RX Vega 56 launched in August 2017 with a blower-style stock cooler that is incapable of adequately handling the excess heat from this GPU at its full performance level. The default settings deliberately limit the power consumption and fan speed to keep it running comfortably within its physical limitations. Can it be improved with a different GPU cooler?
The Radeon driver software includes a tool called WattMan for adjusting the GPU and HBM clock speeds and voltage, fan speed, and total GPU power limit. Setting the fan speed and power as high as they’ll go yields an immediate improvement, albeit with uncomfortably loud fan noise. Maximum power consumption is limited to 210 W by the Vega 56 BIOS firmware on the GPU, and the easiest way to go higher is to replace that with BIOS firmware from the RX Vega 64 (up to 295 W) or RX Vega 64 Liquid Cooling (up to 345 W).
This GPU includes a small switch on the top to choose from 2 different BIOS. One of them is write-protected, the other can be overwritten (or flashed) with any RX Vega BIOS using ATIWinflash. You can find a collection of user-submitted BIOS files for most GPUs at TechPowerup.
To get the most out of Vega 56 with the original cooler I recommend using the Vega 64 BIOS and sliding the power limit all the way to +50% in WattMan to give the card some more breathing space and higher default clock speeds. The GPU will adjust its speed automatically to keep temperatures below 85C, so raise the fan speed as high as you can tolerate it.
For maximum performance the Vega 64 water-cooled edition BIOS has the highest power limit, but there are two caveats to consider: the default GPU clock speed of 1750 MHz is too high for most Vega 56 GPUs (although you might get lucky), and the temperature limit is locked at 70C.
I have installed my Vega 56 in an AKiTiO Node Thunderbolt 3 external graphics enclosure connected to a Dell XPS 13 9350. The Node has been upgraded with a 600w power supply. I’m using the Vega 64 water-cooled edition BIOS underclocked with OverdriveNtool (because WattMan is annoying) and I am monitoring and logging GPU status with GPU-Z.
With GPU clock set to 1650 MHz (the real clock speed can vary higher or lower depending on its mood) the idle temperature is 35C. To see what happens under load I am using four stress-test applications: 3DMark Fire Strike, 3DMark Time Spy, Unigine Superposition, and Ethereum ethminer.
The results show the GPU core clock speed running above 1600 MHz for a short time at the start of each test before dropping down to near 1500 MHz under load. HBM speed (GPU memory clock) remained stable throughout the graphics tests and only throttled during Ethereum mining, which stresses the GPU in a different way.
Now let’s see what happens when the stock cooler is replaced with a larger air cooler: the Raijintek Morpheus II.
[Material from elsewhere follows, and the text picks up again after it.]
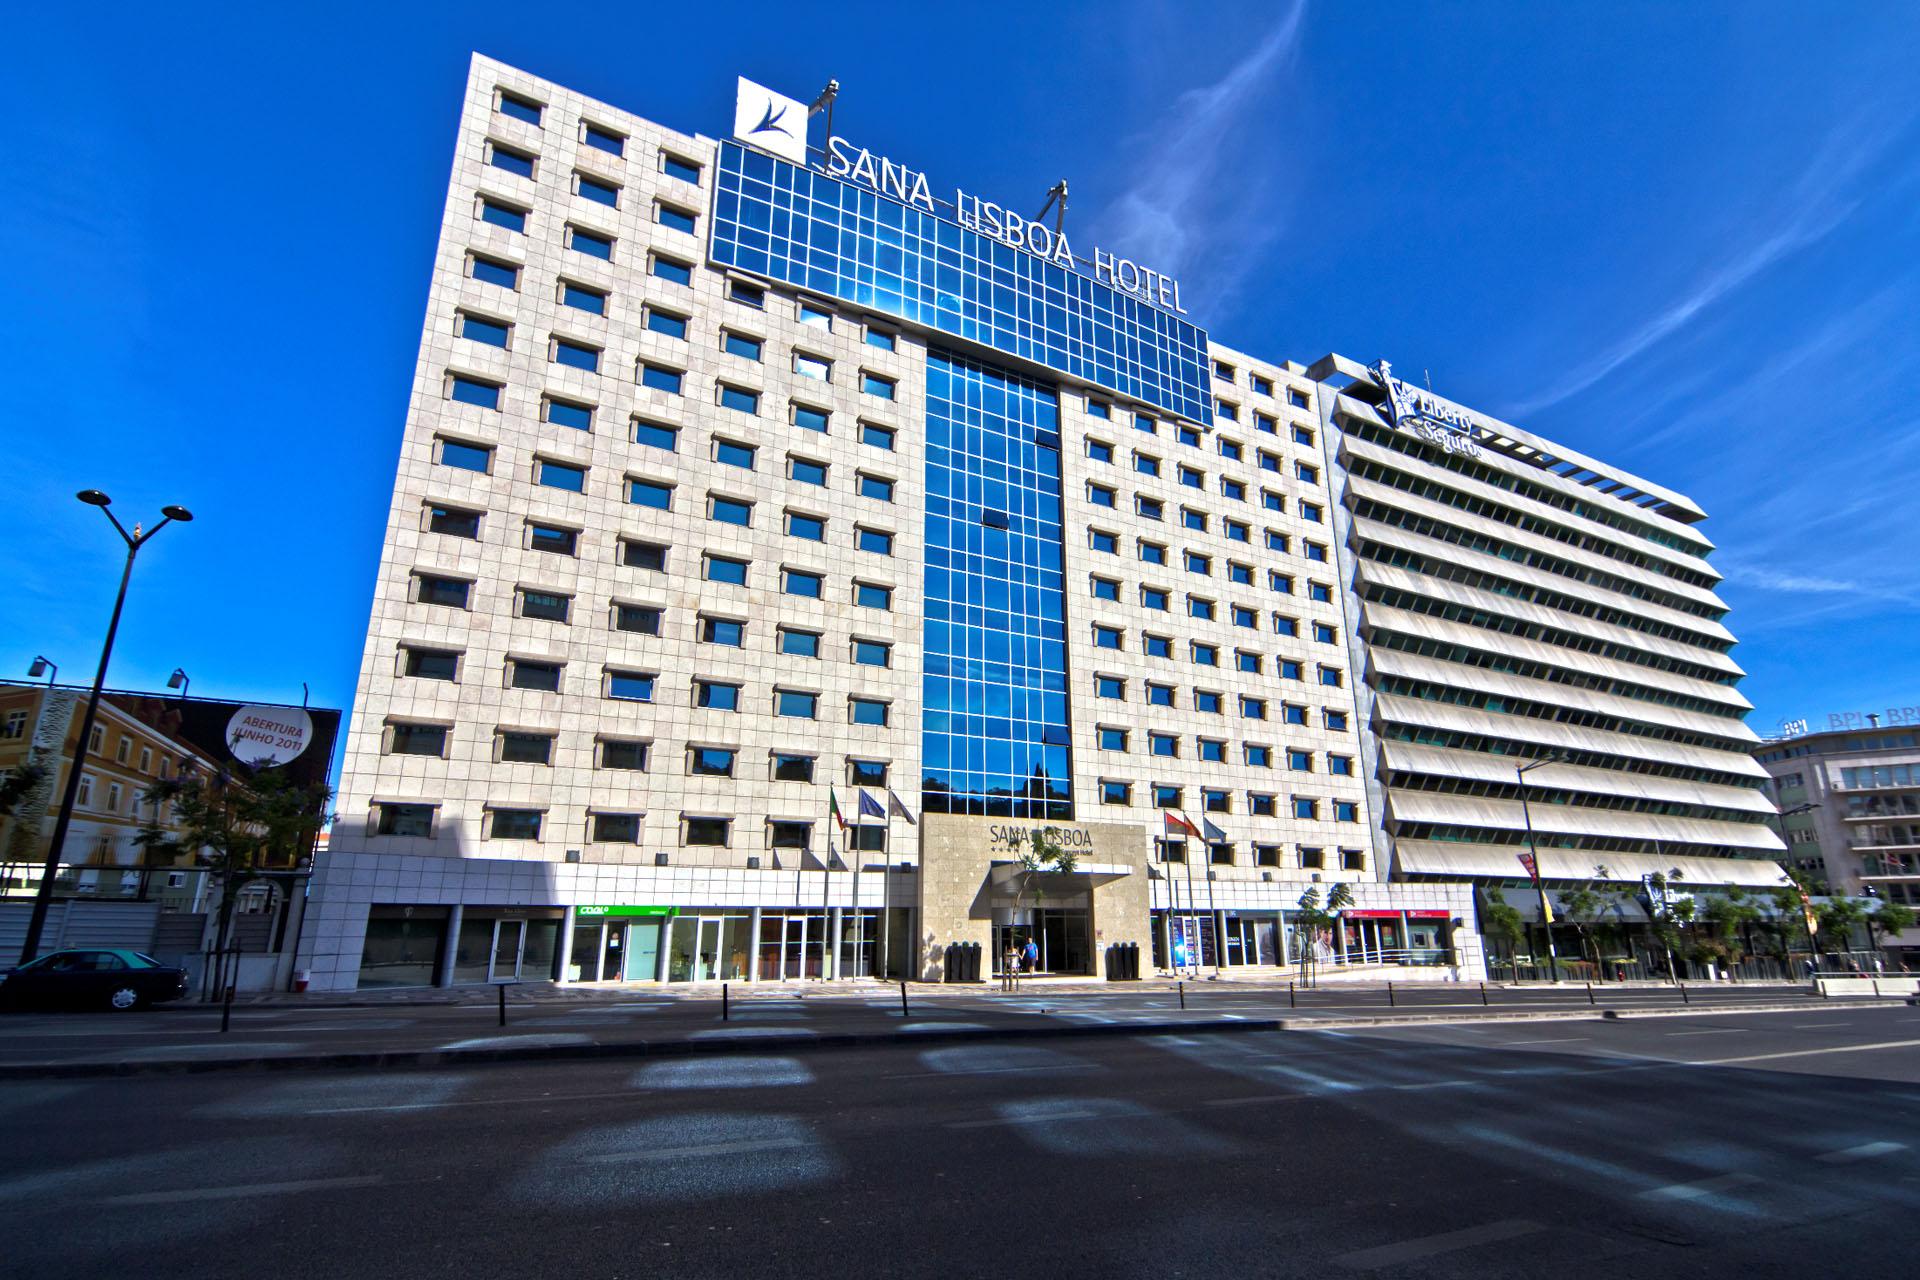 Sana Hotels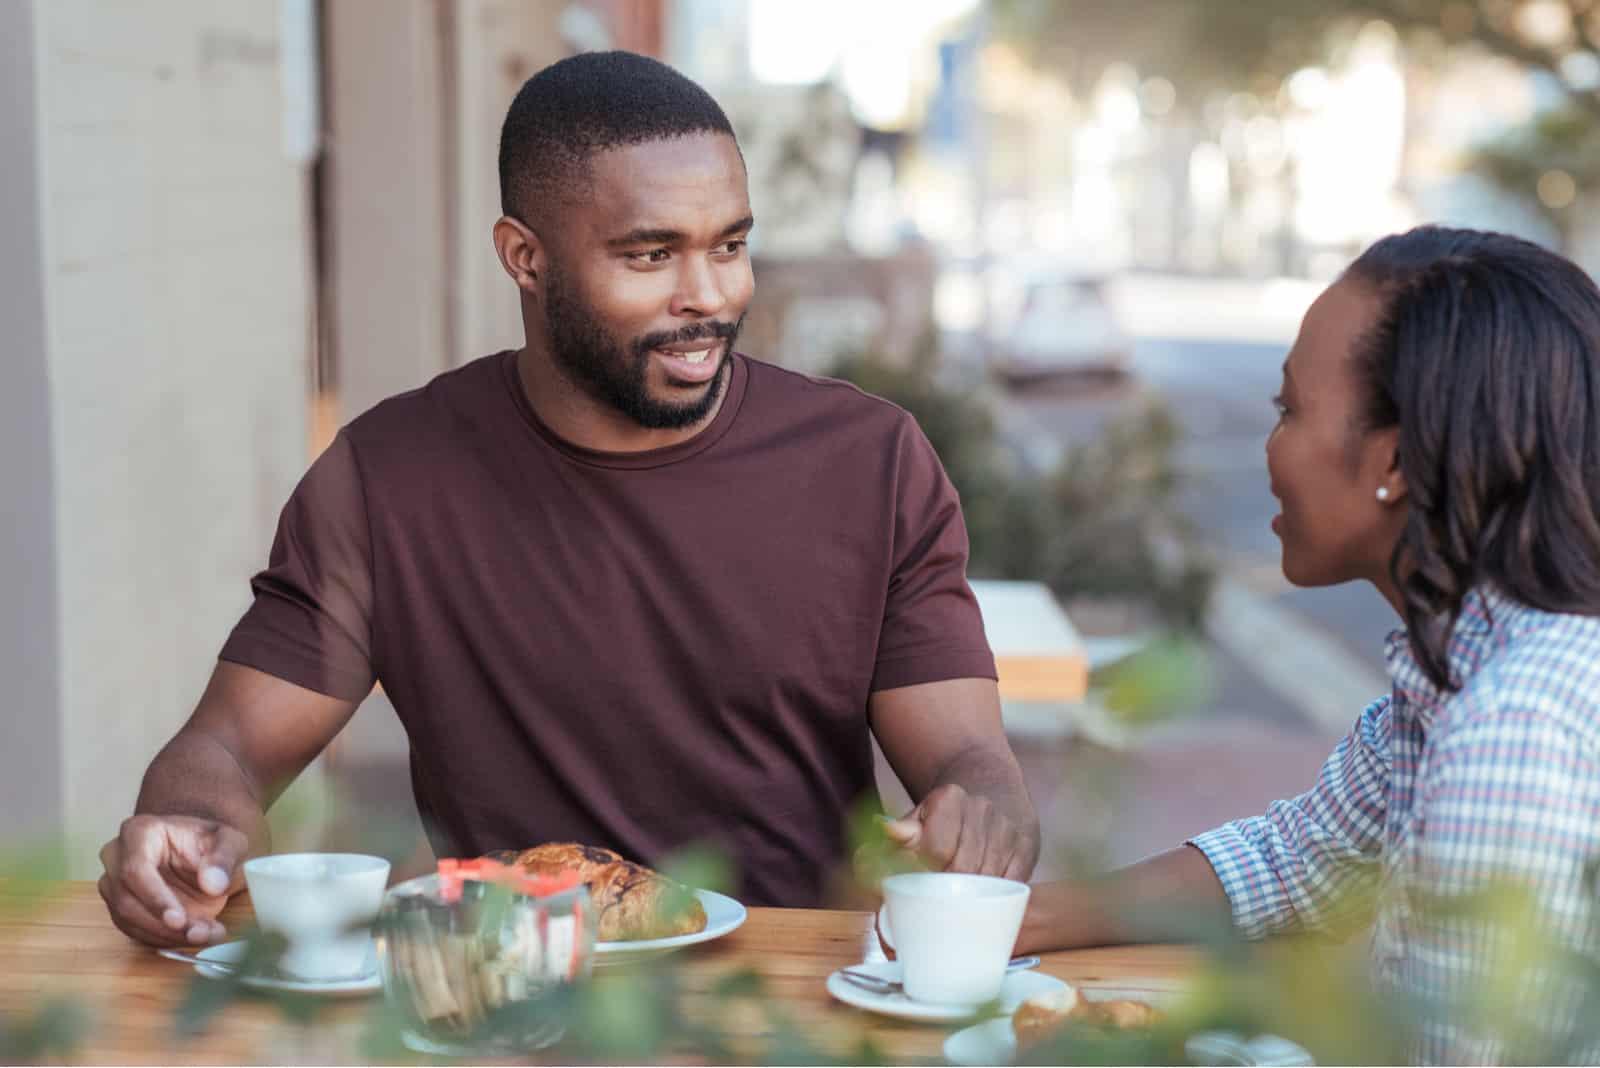 Paar sitzt an einem Tisch in einem Straßencafé und trinkt Kaffee

Running the stress tests again with the larger Morpheus II cooler produced surprising results: almost no difference to clock speeds in the graphical tests despite temperatures being up to 15C lower than before. Scores in these benchmarks improved less than 1%. Only the Ethereum mining test seemed to benefit, with GPU clock and HBM speeds now remaining high and stable resulting in a 29% improvement in mining hash rate. This is good news for other OpenCL compute workloads.
Why didn’t performance improve in the graphics tests? The most likely limiting factors are the laptop CPU, system RAM, or Thunderbolt 3 interface acting as a bottleneck. It could also be that the graphics tests don’t put much strain on the HBM modules like mining does, so the total heat output didn’t actually require better cooling. Regardless, this modification was definitely worthwhile for reducing the fan noise. The two large fans on the Morpheus II are barely audible even when running at full speed.
It didn’t occur to me earlier that part of the reason for the stock cooler’s poor performance could be a manufacturing defect. Here is a close-up view of the original heat sink from different sides where you can see the copper vapour chamber soldered to the aluminium fin stack:
Can you spot the difference? Approximately 20% of the fin stack is not making direct contact with the vapour chamber. There is also a slight bulge in the copper under that area which might have affected the efficiency of the phase-change process that occurs inside it to transfer heat away from the GPU. This defect probably caused it to run hotter than intended.